Read The Trouble with Fate Online
Authors: Leigh Evans
With a quick flick of my hand, I unleashed my talent and it sprang out in an invisible
fat thread to attach itself to my television. Another twist of my wrist, and the old
heavy RCA lurched from its stand, electric cord trailing like a serpent’s tail as
it flew upward to smack the Were hard on his head.
He didn’t see it coming. They never do—they’re always too busy staring at my hands.
His skull made a wet squelch, and then the back of his broken head met the wall behind
him. For a heartbeat he held himself upright, until his eyes lost focus and he slid
down the wall, leaving a long smear of bright red blood as he went. He didn’t get
back up.
It was almost quiet in the aftermath.
Silent except for my own uneven breath, coming quick and hard through my parted lips.
Don’t panic. Don’t panic. Hold on
.
Merry pulled herself free of my blouse, her stone turning orange with all the red
shot through it, to slide down her chain like Tarzan on a handy vine. She had morphed
again, this time into her favorite stick figure: two golden arms, fashioned from long
tendrils of elegant golden ivy, and two legs, which ended in feet that looked like
tips of an ivy leaf.
“We’re in a shitload of trouble, Merry-mine,” I said thinly. I couldn’t pull my gaze
from the trail of blood down the wall. I would not panic. I would not panic. Even
if the sight of the red stuff makes me panic and think of things I don’t want to think
about.
In an instant, I was back in the kitchen of my old home, watching my mother’s blood
splatter the wall, smelling the sweet Fae scent of it mix with the Were and copper
tang of my father’s. That’s the only time they smell, the Fae—when they bleed.
That was my last conscious thought before my brain shut down.
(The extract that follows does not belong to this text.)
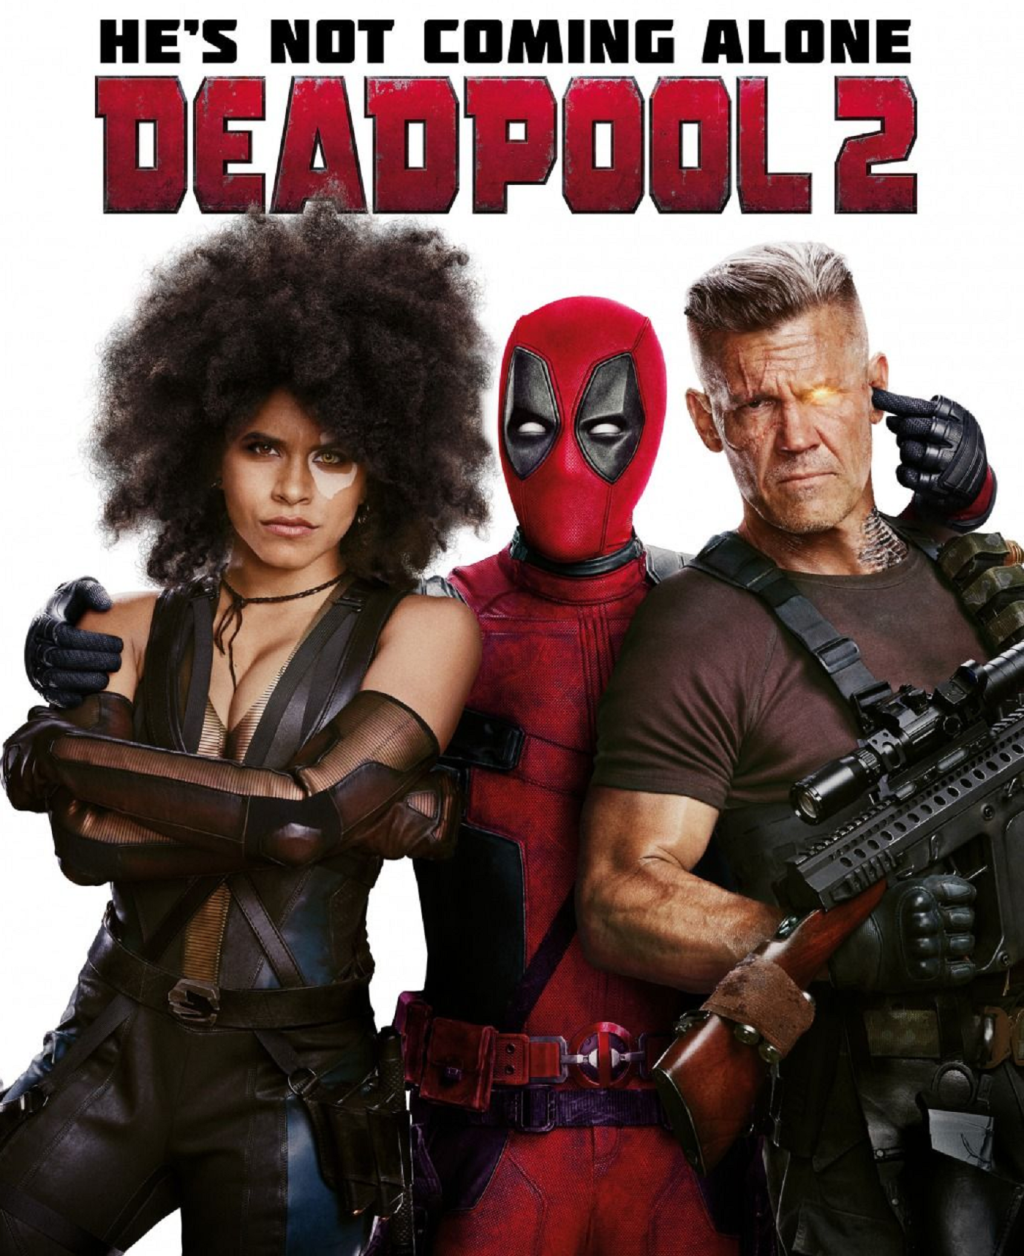 Deadpool 2 (2018) - Phil Catterall joins Tim Worthington for a chat about Wade Wilson leading the newly formed X-Force straight into some overhead power lines in It's Good, Except It Sucks - a movie by movie – and television series by television series – hurtle through the Marvel Cinematic Universe.
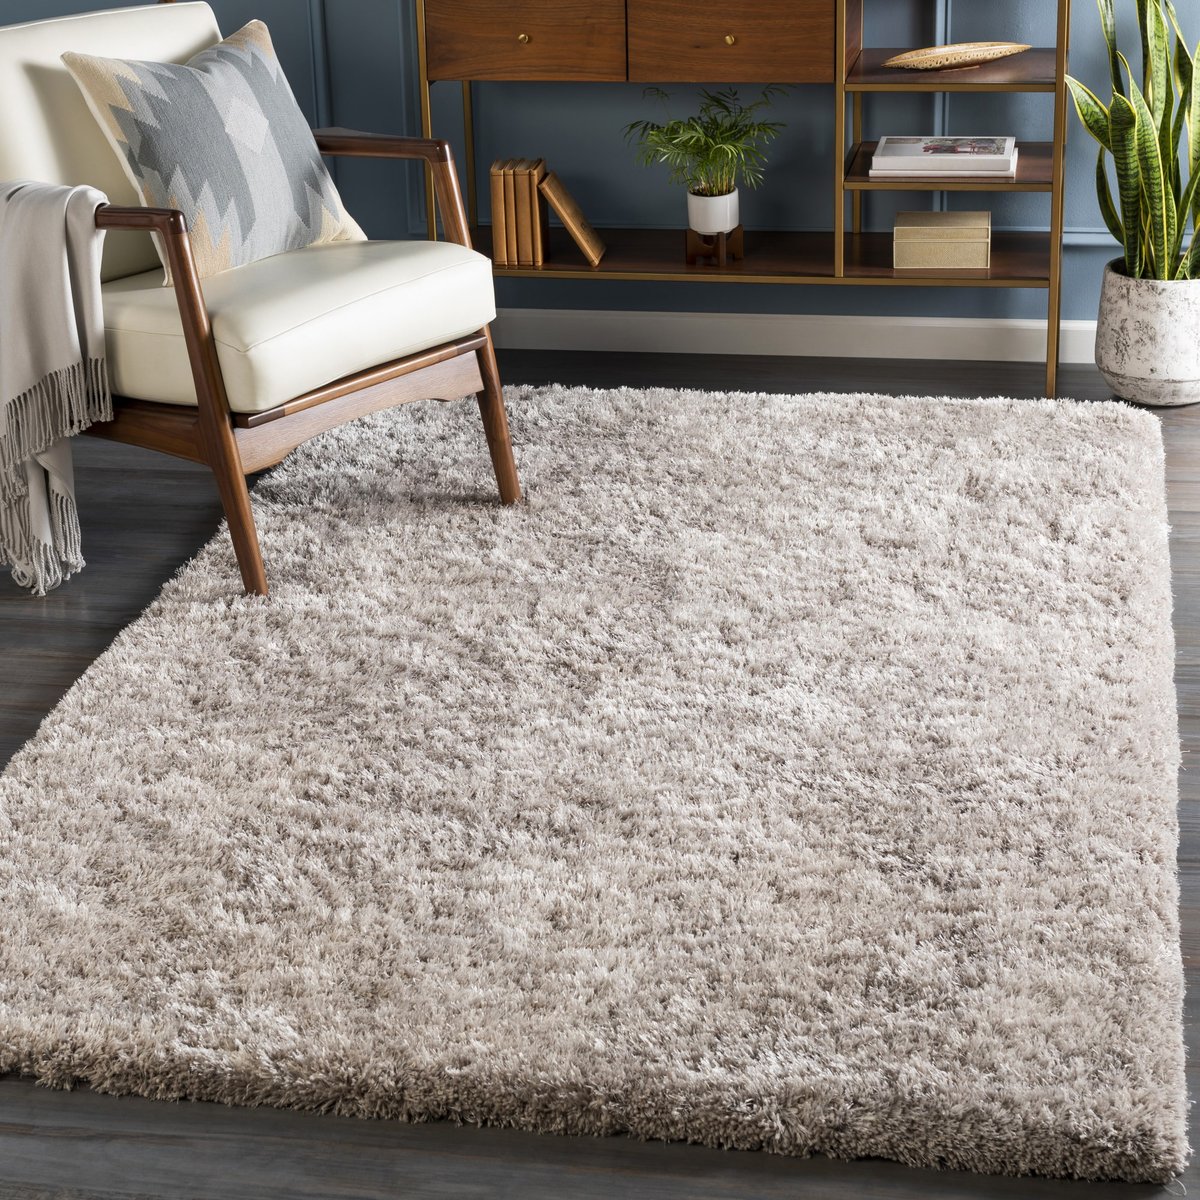 Grizzly Shag - Best Shag Rugs

I probably would have just sat there, right by the mess of vomit I deposited on the
carpet, if not for Merry. She found my ear, gripped the sensitive tip and squeezed
the shit out of it. We went into the kitchen, and found blue plastic gloves which
I slid over my shaking hands. I leaned against the wall to catch my breath. Merry
gave me about thirty seconds’ rest before she slunk up the chain to my shirt collar.
She made a grab for either edge, then planted her feet firmly on my collarbone, and
hauled on it backward as if she were the Pekinese with the Saint Bernard’s leash in
its mouth. I pushed away from the wall.
Turns out it’s really hard to kill a Were.
Until I had touched his throat and felt the beat of his sluggish pulse through my
rubber glove, I had been thinking more along the line of tarp than tape. You see whitish
flecks of brain matter floating in a pool of blood and that’s where your mind goes.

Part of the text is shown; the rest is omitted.